Treelite: a model compiler for decision tree ensembles
treelite.
Model
(handle=None)¶Decision tree ensemble model
handle (ctypes.c_void_p
, optional) – Initial value of model handle
compile
(dirpath, params=None, compiler='ast_native', verbose=False)¶Generate prediction code from a tree ensemble model. The code will be C99
compliant. One header file (.h) will be generated, along with one or more
source files (.c). Use create_shared()
method to package
prediction code as a dynamic shared library (.so/.dll/.dylib).
Example
The following populates the directory ./model
with source and header
files:
model.compile(dirpath='./my/model', params={}, verbose=True)
If parallel compilation is enabled (parameter parallel_comp
), the files
are in the form of ./my/model/header.h
, ./my/model/main.c
,
./my/model/tu0.c
, ./my/model/tu1.c
and so forth, depending on
the value of parallel_comp
. Otherwise, there will be exactly two files:
./model/header.h
, ./my/model/main.c
deserialize
(filename)¶Deserialize (recover) the model from a checkpoint file in the disk. It is expected that
the file was generated by a call to the serialize()
method.
Note
Use exactly matching versions of Treelite when exchanging checkpoints
We provide ZERO backward compatibility guarantee. You will not be able to recover the model from a checkpoint that was generated by a previous version of Treelite. Both the producer and the consumer of the checkpoint must have the identical major and minor versions of Treelite.
dump_as_json
(*, pretty_print=True)¶Dump the model as a JSON string. This is useful for inspecting details of the tree ensemble model.
export_lib
(toolchain, libpath, params=None, compiler='ast_native', verbose=False, nthread=None, options=None)¶Convenience function: Generate prediction code and immediately turn it into a dynamic shared library. A temporary directory will be created to hold the source files.
toolchain (str
) – which toolchain to use. You may choose one of ‘msvc’, ‘clang’, and ‘gcc’.
You may also specify a specific variation of clang or gcc (e.g. ‘gcc-7’)
libpath (str
) – location to save the generated dynamic shared library
params (dict
, optional) – parameters to be passed to the compiler. See
this page for the list of compiler
parameters.
compiler (str
, optional) – name of compiler to use in C code generation
verbose (bool
, optional) – whether to produce extra messages
nthread (int
, optional) – number of threads to use in creating the shared library.

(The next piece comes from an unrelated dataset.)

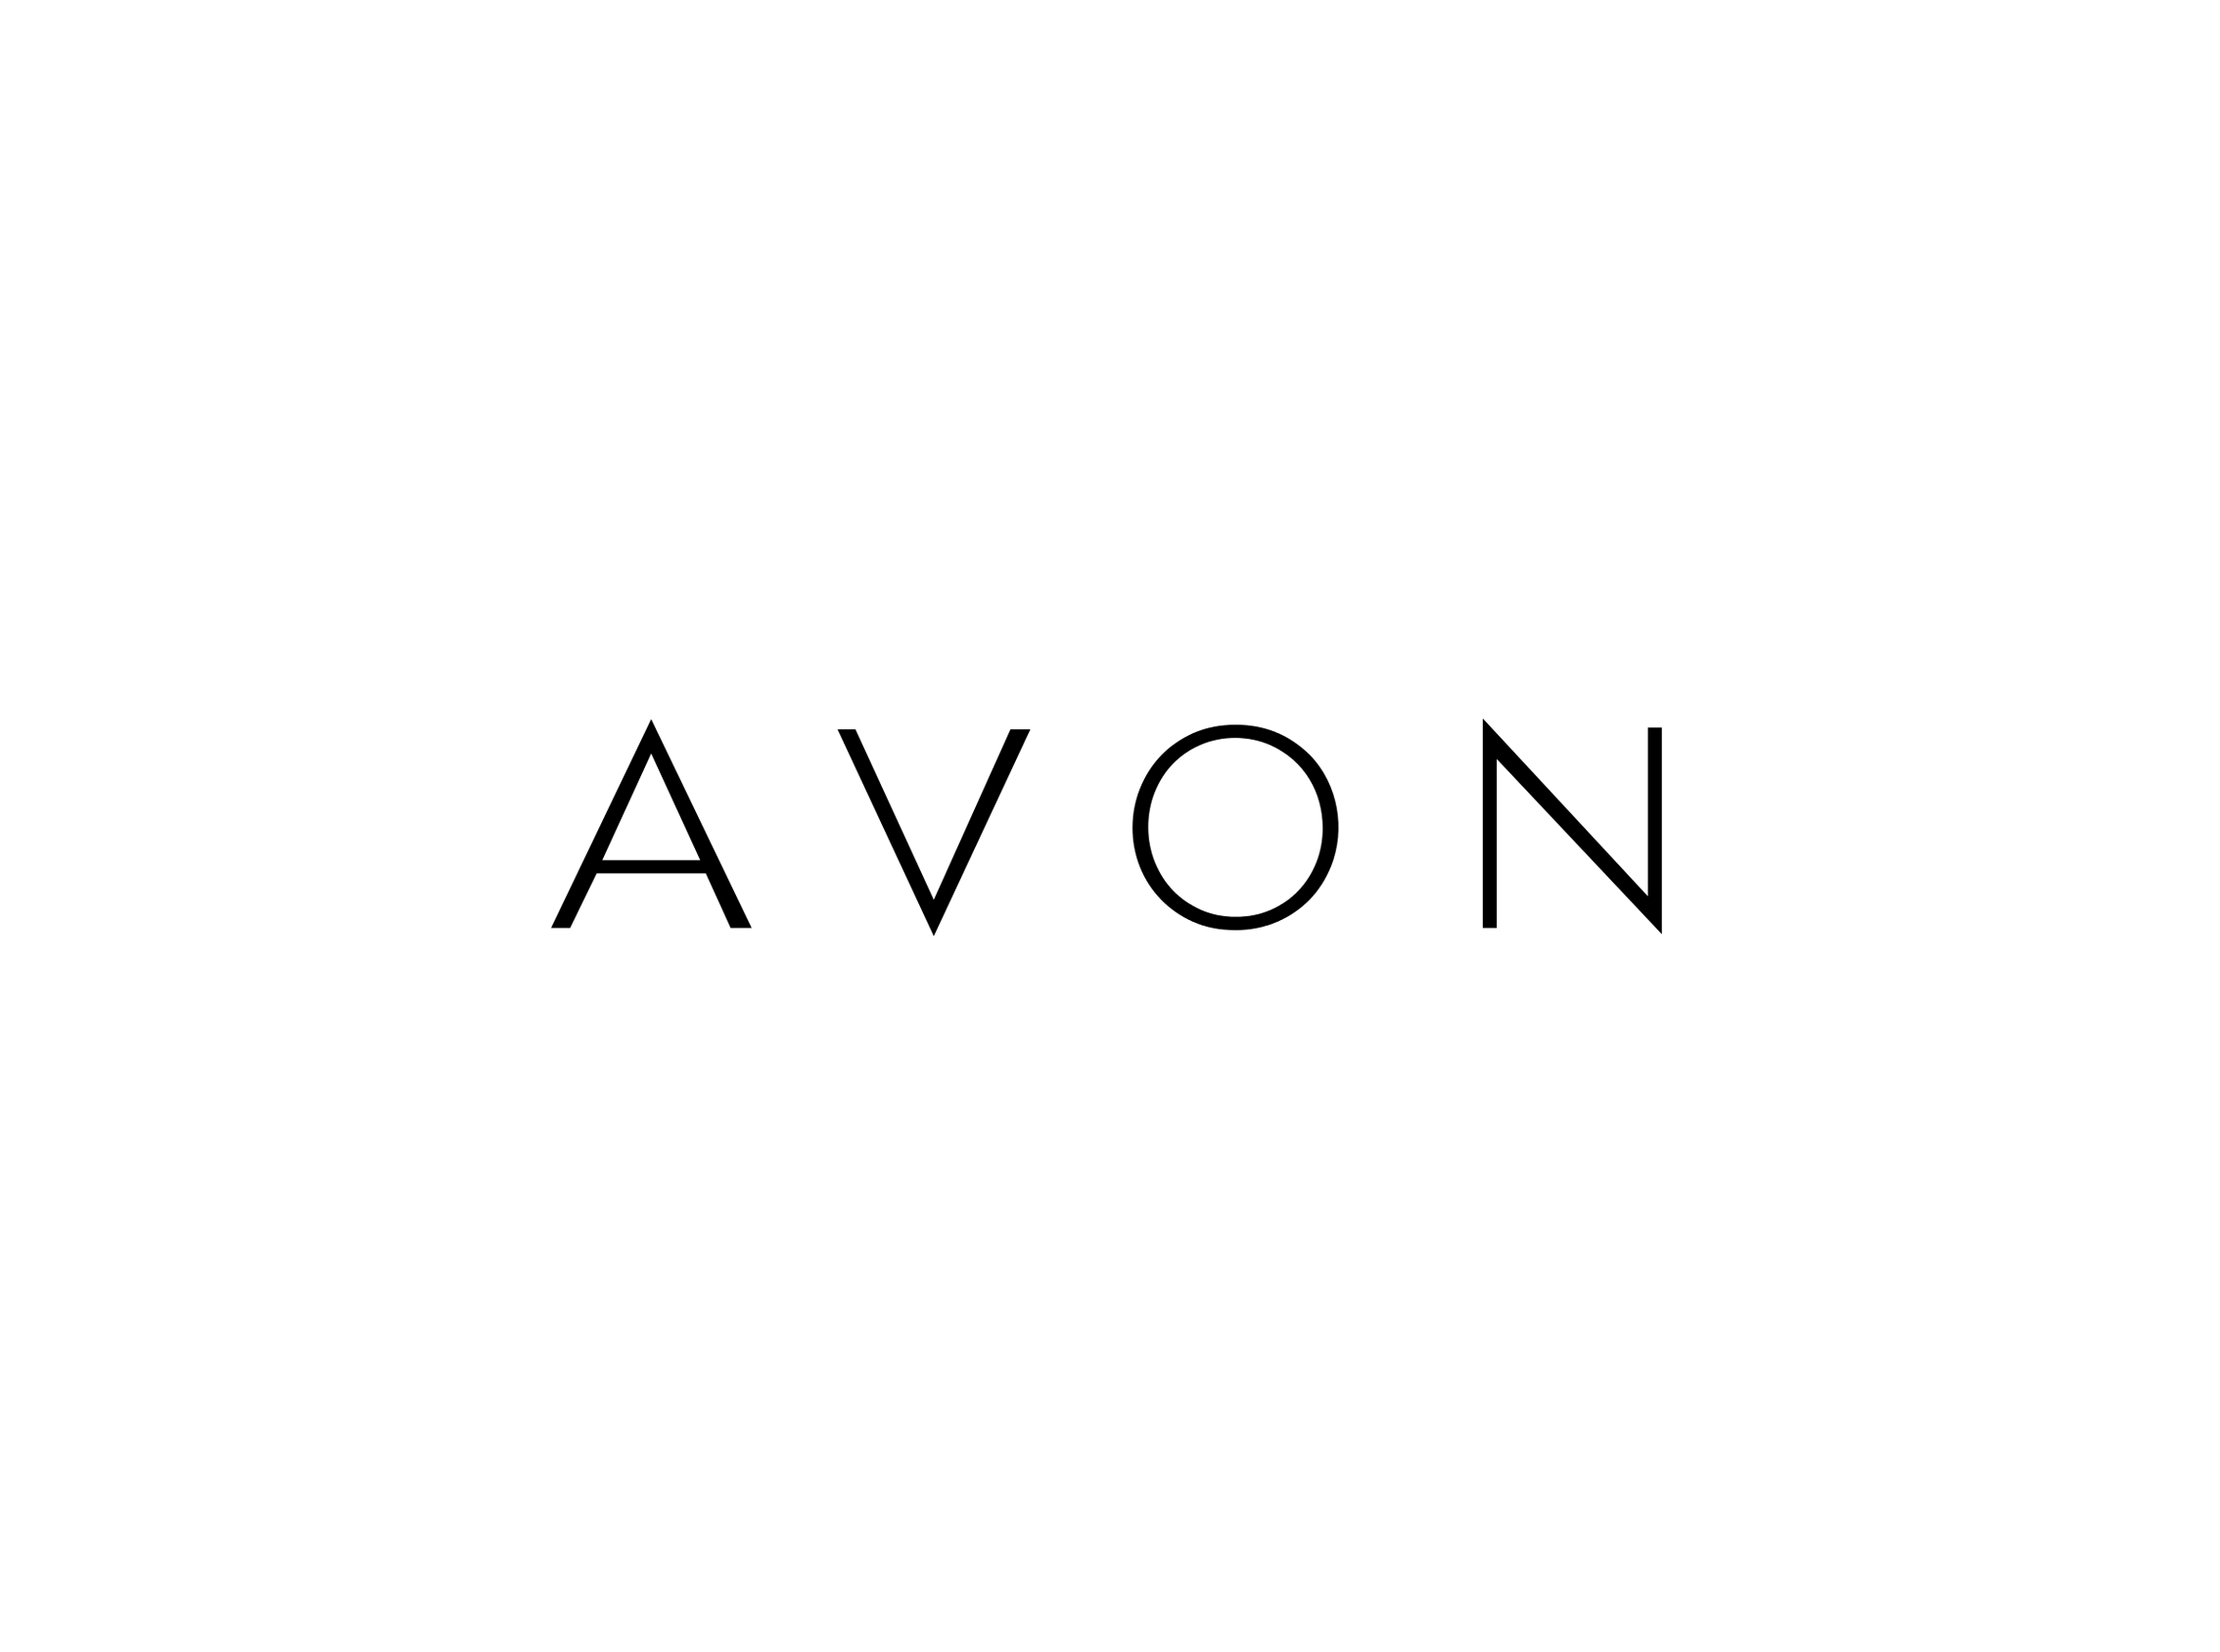 Avon Square Logo - Avon Logos

Defaults to the number of cores in the system.
options (list
of str
, optional) – Additional options to pass to toolchain
Example
The one-line command
model.export_lib(toolchain='msvc', libpath='./mymodel.dll',
params={}, verbose=True)
is equivalent to the following sequence of commands:
model.compile(dirpath='/temporary/directory', params={}, verbose=True)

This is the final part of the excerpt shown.